Steiner Tree functions

  • getDistMatrix(Net, gene_list): given a gene list, gives the distance form each node in the list to every other node in the network. Uses a breadth first search method. This is used to generate psuedo_stiener trees.

  • buildStienerTrees(Net, gene_list): A wrapper function for generation of the Steiner tree. The dist matrix is generated, then the closest 2 nodes are connected. If more than 1 pair has the smallest distance the first in numerical order by index is selected. Nodes are then successively added to the tree by connected the next closest node. This continues until all nodes are as connected as possible. Note this function no longer requires only the largest connected component.
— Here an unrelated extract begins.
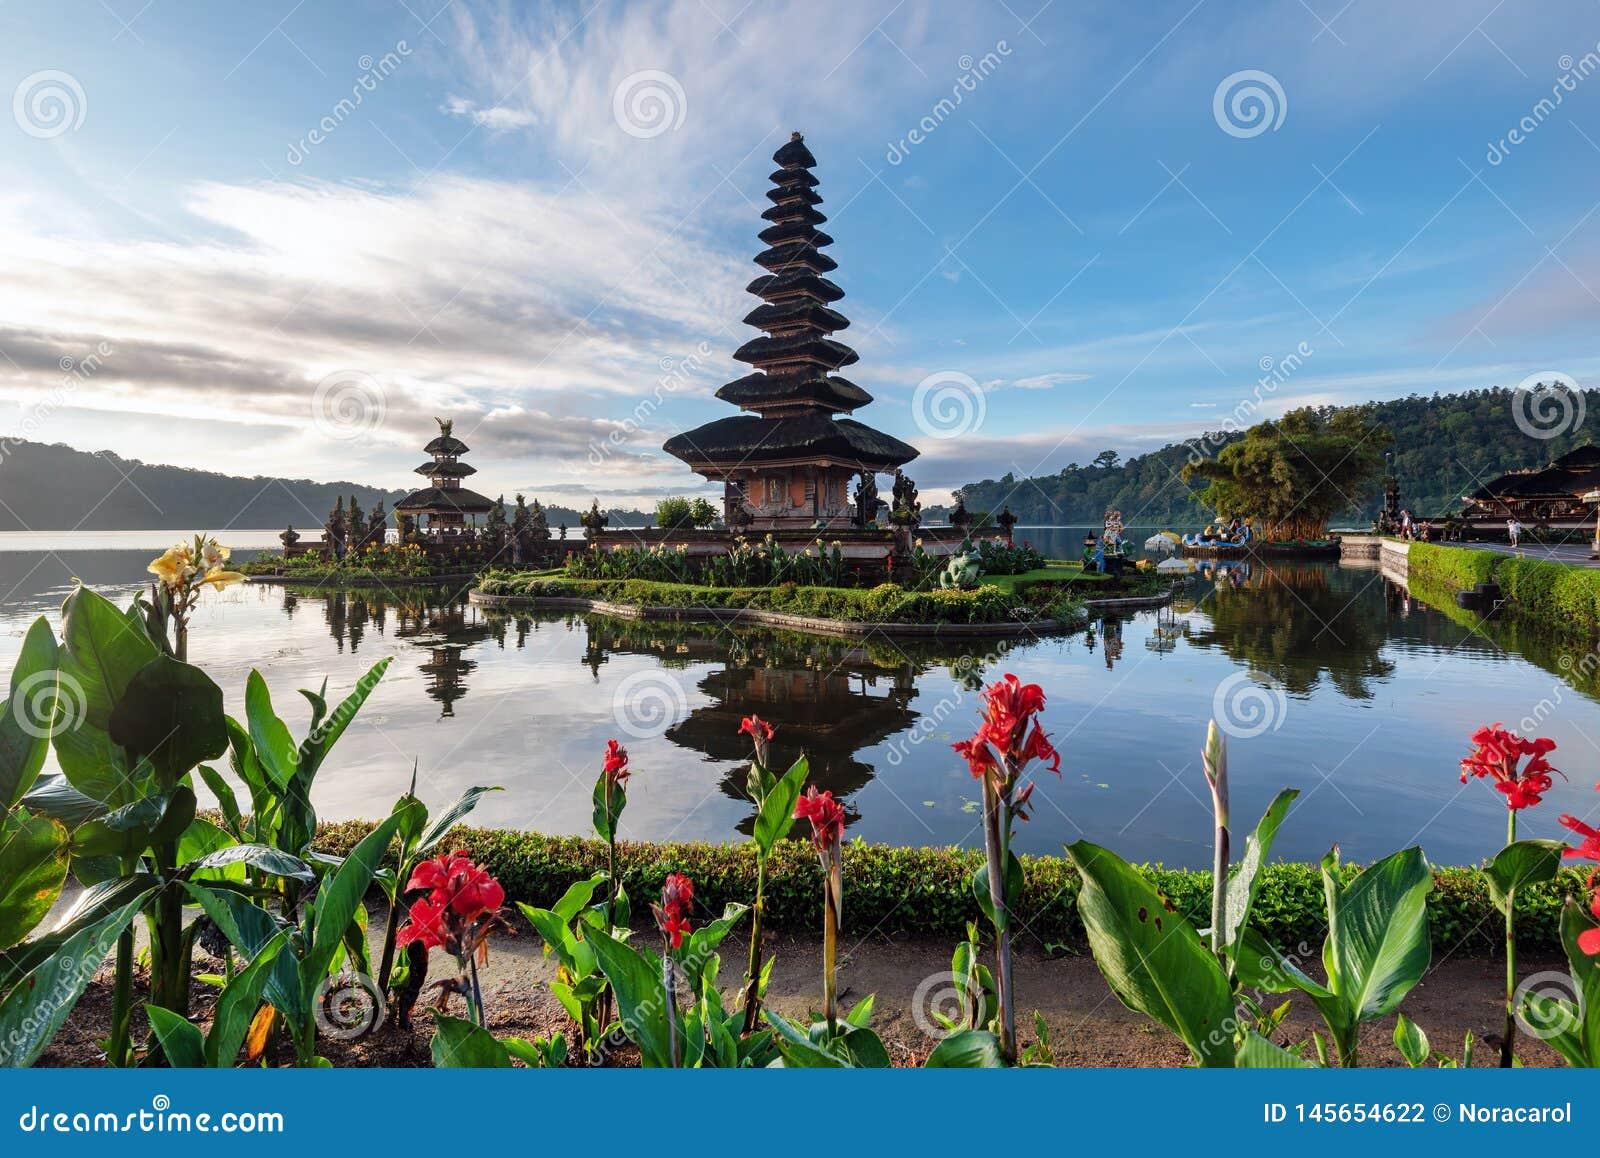 Pura Ulun Danu Bratan In Bedugul Bali Stock Photo Image Of

Instead, a forest is generated if there are two unconnected components of interest. Assumes undirected graph structure.

PrinterFunctions

  • printNodeInfo(Net, node_name): Prints information of Node in HTML format. Information includes name, module, associated GO term, and neighbors.

  • printModuleInfo(Module, module_id, gene_list, genes): Prints information about module in HTML format. Information includes module id, module enrichment if computed, module genes, enriched regulators, and module enriched go term.

  • PrintAllModuleInfo(Subnet, Module, gene_list, genes): Prints a list of all modules in HTML format. This is used when a subgraph contains more than one module and makes successive callse to printModuleInfo.

  • GetModuleID(Net, node_name): returns the module id of the gene given by node name.